News - Ford
Ford studying virtual reality potential
Virtual and augmented reality to showcase Ford cars without leaving the house
4 Apr 2017
By TUNG NGUYEN
FORD is exploring the possibility of leveraging virtual reality (VR) technologies to allow customers to explore and test drive its cars from the comfort of their own homes.
The new technology – which will also include augmented reality (AR) programs – is being developed at the Ford immersive Virtual Environment (FiVE) lab in Melbourne, which also allows the brand’s designers and engineers to inspect digital designs before putting them into production.

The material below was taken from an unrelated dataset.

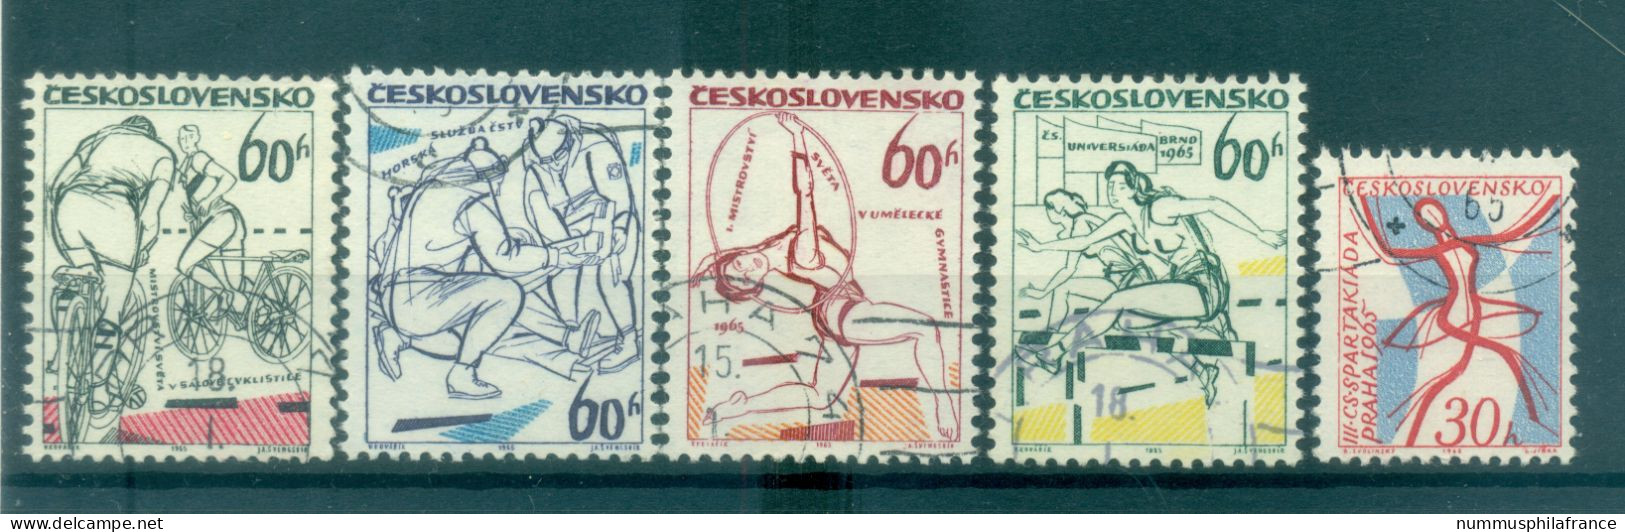 Tchécoslovaquie 1965 - Y & T N. 1369/73 - Evénements Sportifs (Michel N. 1503-1504/07) - Used Stamps
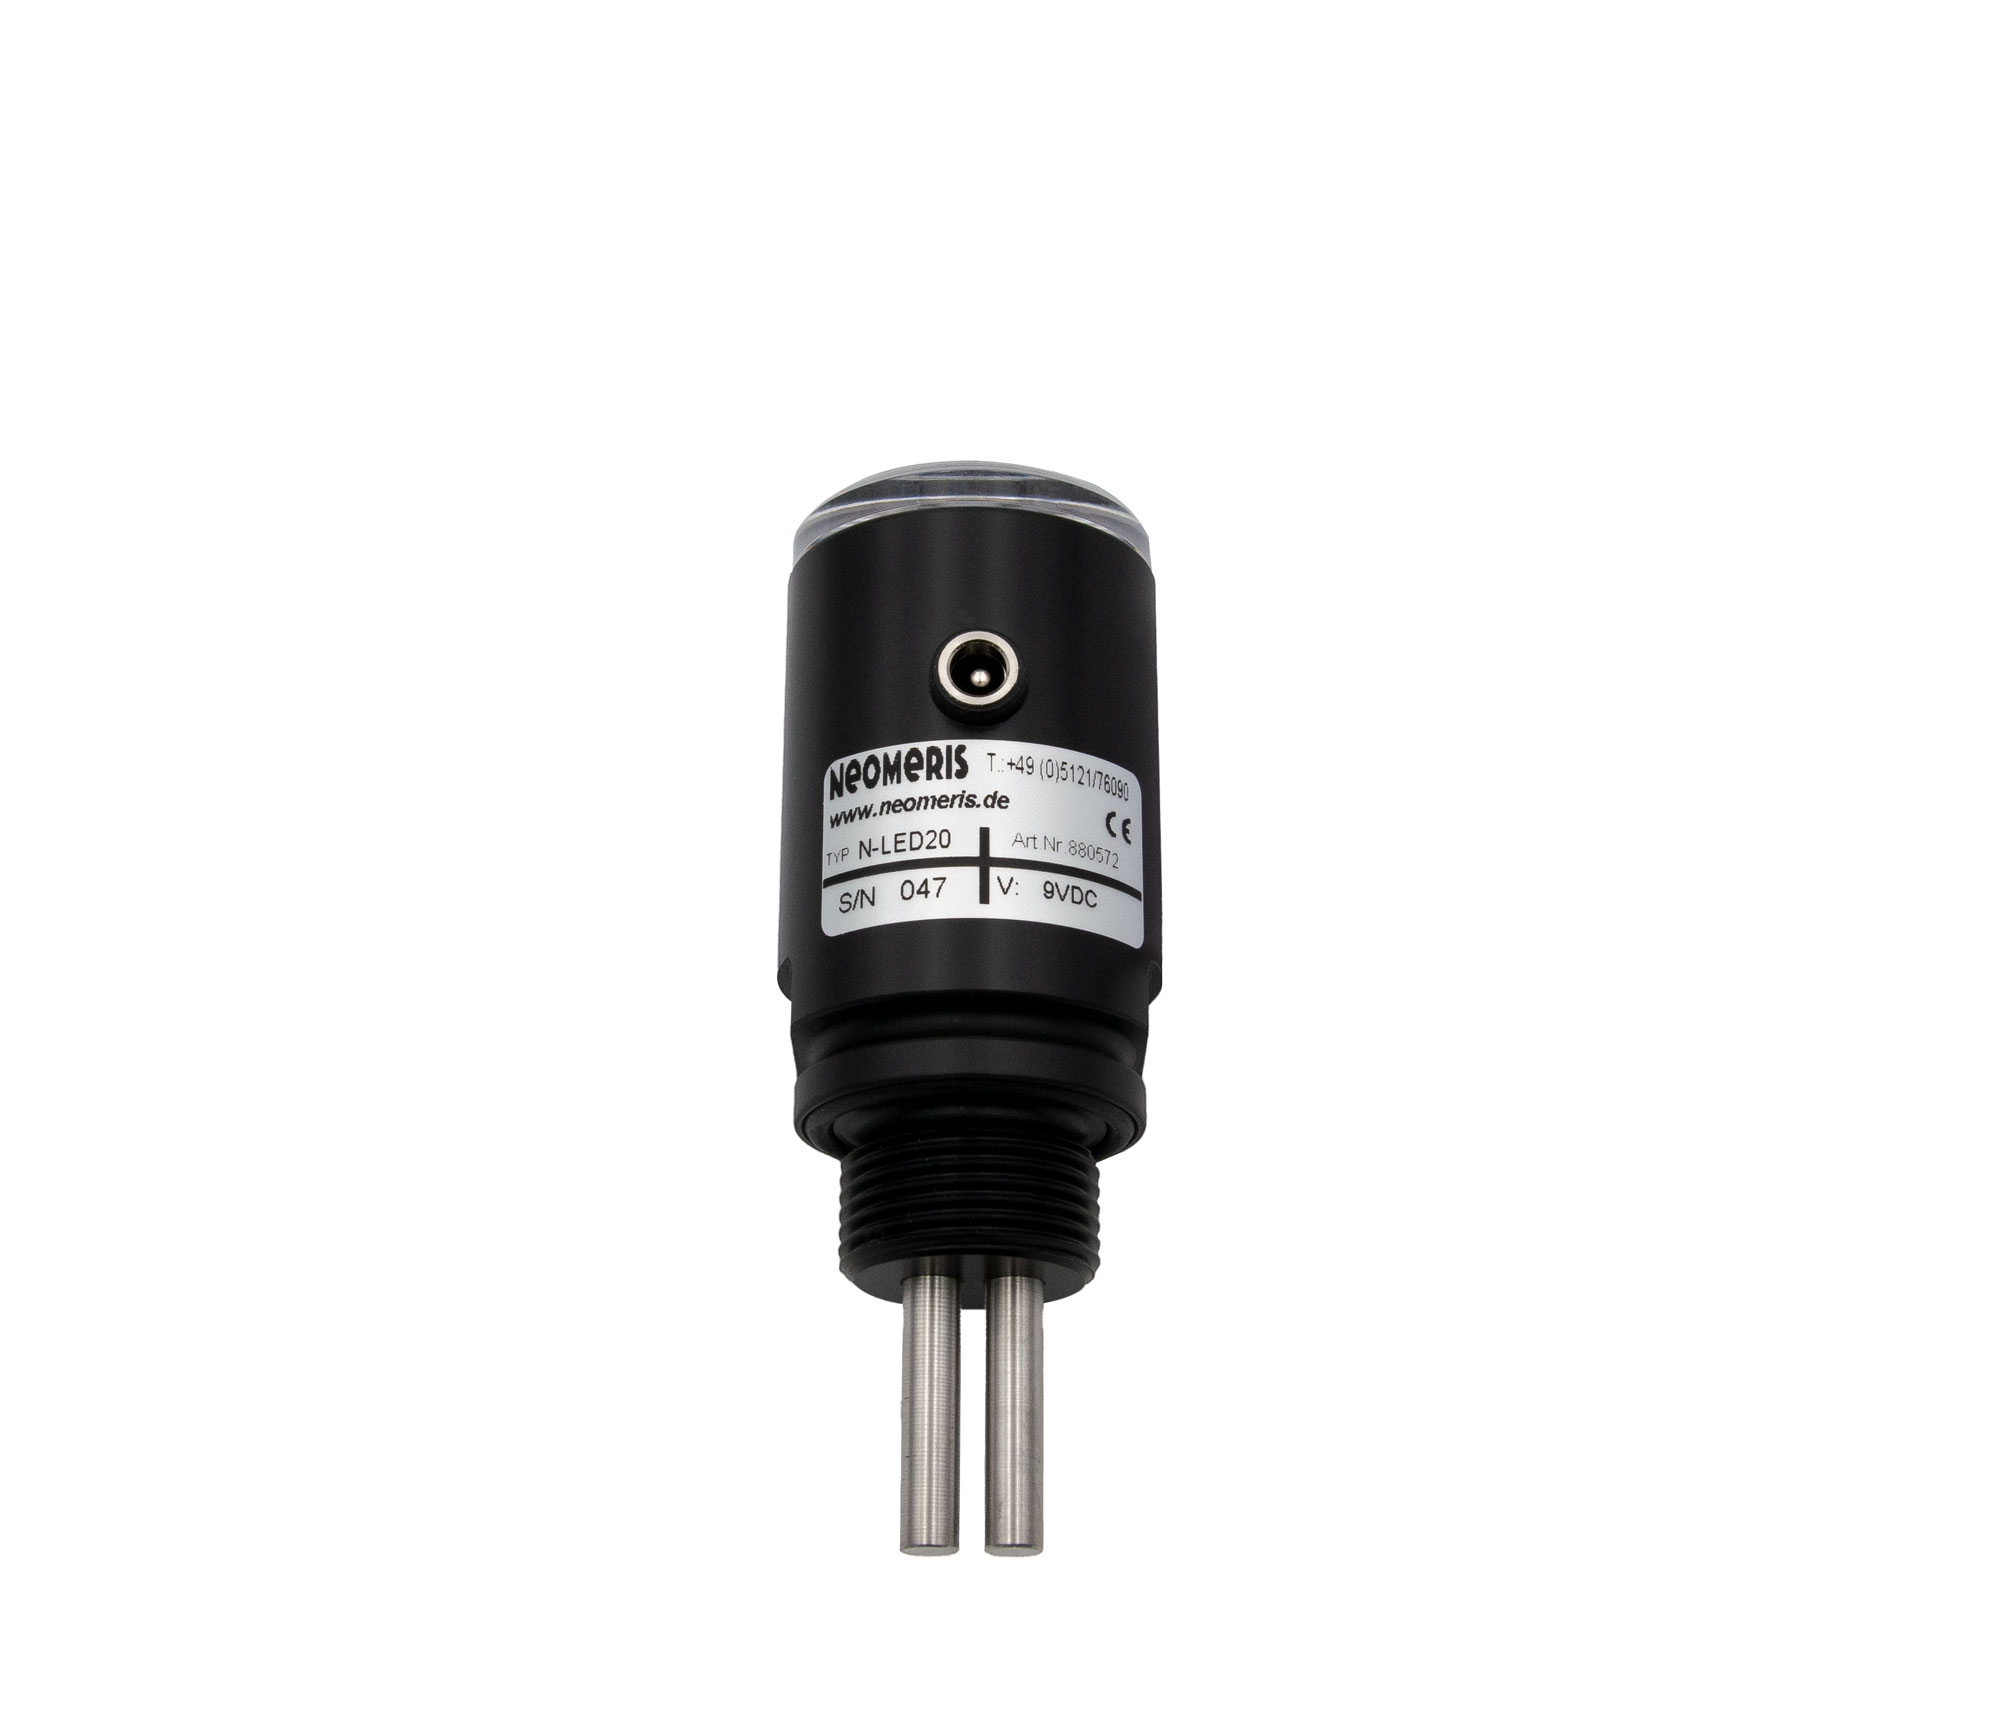 N-LED20, Leitfähigkeitsmessgerät 0-20 μS/cm mit 5 LEDs und integrierter 3/4' Einschraubmesszelle

According to Ford, “enabling customers to try out different models at a time and place to suit them – and for as long as they want – VR could also mean customers have a much clearer idea of which car they want before they even step into a dealership”.
Car-makers could benefit greatly from the wide adoption of VR and AR technologies, as the tech would eliminate the need for customers to set foot in a physical showroom.
It would also be advantageous for the customer, who could browse the virtual dealership whenever suitable and experience a simulated test drive of the product, as well as cutting out the interaction with a salesperson.
Many car manufacturers have toyed with the idea of providing a virtual showroom and digital car experience to customers including BMW, Mercedes-Benz, Toyota and Nissan, who all have videos uploaded to YouTube that allows a full 360-degree camera control.
Ford Motor Company global digital experience chief Jeffrey Nowak said the potential of the emerging technologies is limitless.
“It really is a blank canvas,” he said. “It is easy to imagine that someone who wants to buy an SUV could experience taking that car for a test drive over desert dunes without leaving the comfort of their home.
“Likewise, if you’re in the market for a city car you could be at home, relaxing in your PJs and fit in trying out the peak-time school run after you’ve put the kids to bed.”
Mr Nowak also said the simulations could be tailored to each individual requirement and the cars would be virtually specified to their desires.
“We envisage that one day a customer could identify the model they are interested in – from the colour, to the exact finish of their interior – and the time and place they would like to simulate,” he said. “That scenario could then be recreated on a bespoke basis.
“There really is no limit to the depth of detail. The possibilities are endless.”